### About this exercise
Scan the records beneath this line for the line holding "Couverture du livre" and the line holding "Black Shoes Flats Cmc, Size 8", then transcribe exactly those two and all lines between.

(Dataset items)

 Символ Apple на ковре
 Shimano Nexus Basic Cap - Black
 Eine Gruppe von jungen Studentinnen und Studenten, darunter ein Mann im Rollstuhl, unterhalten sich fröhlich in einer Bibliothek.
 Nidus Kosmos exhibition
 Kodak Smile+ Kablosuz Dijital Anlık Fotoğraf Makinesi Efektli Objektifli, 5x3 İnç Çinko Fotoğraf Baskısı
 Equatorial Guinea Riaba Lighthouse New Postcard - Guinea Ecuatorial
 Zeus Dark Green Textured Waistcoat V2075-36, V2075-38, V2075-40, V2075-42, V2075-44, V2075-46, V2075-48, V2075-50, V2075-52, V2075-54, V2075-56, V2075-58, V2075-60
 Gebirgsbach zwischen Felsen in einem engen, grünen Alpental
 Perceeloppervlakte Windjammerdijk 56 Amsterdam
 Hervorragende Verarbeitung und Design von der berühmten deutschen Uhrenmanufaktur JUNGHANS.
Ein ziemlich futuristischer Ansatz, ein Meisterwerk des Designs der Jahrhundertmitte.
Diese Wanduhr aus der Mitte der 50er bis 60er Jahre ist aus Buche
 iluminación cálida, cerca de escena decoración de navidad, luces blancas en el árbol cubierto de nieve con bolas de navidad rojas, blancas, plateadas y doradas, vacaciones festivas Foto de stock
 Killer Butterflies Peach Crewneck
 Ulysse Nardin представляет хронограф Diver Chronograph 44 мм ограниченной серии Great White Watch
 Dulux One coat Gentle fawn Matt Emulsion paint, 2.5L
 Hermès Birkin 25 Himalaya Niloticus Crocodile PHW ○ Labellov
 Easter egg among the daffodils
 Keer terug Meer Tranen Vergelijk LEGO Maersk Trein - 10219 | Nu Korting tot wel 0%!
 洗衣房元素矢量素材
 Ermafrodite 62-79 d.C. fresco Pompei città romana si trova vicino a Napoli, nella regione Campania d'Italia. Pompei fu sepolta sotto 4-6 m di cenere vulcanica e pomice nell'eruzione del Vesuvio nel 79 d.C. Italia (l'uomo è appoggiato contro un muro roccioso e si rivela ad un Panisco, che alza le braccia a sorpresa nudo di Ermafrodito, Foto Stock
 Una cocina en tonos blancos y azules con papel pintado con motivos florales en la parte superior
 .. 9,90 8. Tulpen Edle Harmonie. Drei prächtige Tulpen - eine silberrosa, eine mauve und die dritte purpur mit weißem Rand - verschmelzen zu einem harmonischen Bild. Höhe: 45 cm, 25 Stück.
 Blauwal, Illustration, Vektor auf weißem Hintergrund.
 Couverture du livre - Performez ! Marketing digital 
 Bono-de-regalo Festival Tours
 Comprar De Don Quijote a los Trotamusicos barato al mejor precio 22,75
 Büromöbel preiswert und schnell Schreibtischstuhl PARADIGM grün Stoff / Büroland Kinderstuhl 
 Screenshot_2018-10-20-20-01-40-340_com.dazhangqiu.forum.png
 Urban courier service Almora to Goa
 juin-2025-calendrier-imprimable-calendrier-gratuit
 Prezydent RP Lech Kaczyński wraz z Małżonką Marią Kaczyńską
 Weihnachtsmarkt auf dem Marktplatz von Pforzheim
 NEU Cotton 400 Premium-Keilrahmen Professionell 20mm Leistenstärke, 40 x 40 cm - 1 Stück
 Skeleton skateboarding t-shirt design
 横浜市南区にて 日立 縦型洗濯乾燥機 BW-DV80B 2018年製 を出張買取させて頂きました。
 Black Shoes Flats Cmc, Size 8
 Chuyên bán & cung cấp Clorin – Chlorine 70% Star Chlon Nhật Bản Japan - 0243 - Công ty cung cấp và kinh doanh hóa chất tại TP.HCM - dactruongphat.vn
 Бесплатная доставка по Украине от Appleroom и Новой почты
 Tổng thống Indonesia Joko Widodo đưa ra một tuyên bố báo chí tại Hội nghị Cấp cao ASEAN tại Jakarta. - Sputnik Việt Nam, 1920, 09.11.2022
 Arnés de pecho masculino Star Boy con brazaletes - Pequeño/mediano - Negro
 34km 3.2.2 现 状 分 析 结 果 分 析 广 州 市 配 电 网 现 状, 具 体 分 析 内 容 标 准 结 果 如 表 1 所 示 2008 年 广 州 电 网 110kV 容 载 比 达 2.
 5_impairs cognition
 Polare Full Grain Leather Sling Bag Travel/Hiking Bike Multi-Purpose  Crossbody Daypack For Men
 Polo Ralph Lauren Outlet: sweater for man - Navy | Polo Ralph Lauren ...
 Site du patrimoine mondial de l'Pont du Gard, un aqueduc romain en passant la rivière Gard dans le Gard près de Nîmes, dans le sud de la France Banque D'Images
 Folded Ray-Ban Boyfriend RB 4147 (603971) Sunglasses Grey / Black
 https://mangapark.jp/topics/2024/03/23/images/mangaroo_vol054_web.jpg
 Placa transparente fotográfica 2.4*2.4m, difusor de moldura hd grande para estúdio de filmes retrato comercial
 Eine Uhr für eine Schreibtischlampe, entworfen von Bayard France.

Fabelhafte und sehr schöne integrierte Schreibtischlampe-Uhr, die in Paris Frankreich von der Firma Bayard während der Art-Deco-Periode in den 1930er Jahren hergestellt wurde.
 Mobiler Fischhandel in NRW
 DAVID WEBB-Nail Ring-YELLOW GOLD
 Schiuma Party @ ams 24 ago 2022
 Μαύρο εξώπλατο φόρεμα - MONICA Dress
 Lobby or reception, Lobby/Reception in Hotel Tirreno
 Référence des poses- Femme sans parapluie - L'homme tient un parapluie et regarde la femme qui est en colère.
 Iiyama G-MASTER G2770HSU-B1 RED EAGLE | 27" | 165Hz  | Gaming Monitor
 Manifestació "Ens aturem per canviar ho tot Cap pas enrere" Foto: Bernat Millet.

### Solution to the exercise
 Couverture du livre - Performez ! Marketing digital 
 Bono-de-regalo Festival Tours
 Comprar De Don Quijote a los Trotamusicos barato al mejor precio 22,75
 Büromöbel preiswert und schnell Schreibtischstuhl PARADIGM grün Stoff / Büroland Kinderstuhl 
 Screenshot_2018-10-20-20-01-40-340_com.dazhangqiu.forum.png
 Urban courier service Almora to Goa
 juin-2025-calendrier-imprimable-calendrier-gratuit
 Prezydent RP Lech Kaczyński wraz z Małżonką Marią Kaczyńską
 Weihnachtsmarkt auf dem Marktplatz von Pforzheim
 NEU Cotton 400 Premium-Keilrahmen Professionell 20mm Leistenstärke, 40 x 40 cm - 1 Stück
 Skeleton skateboarding t-shirt design
 横浜市南区にて 日立 縦型洗濯乾燥機 BW-DV80B 2018年製 を出張買取させて頂きました。
 Black Shoes Flats Cmc, Size 8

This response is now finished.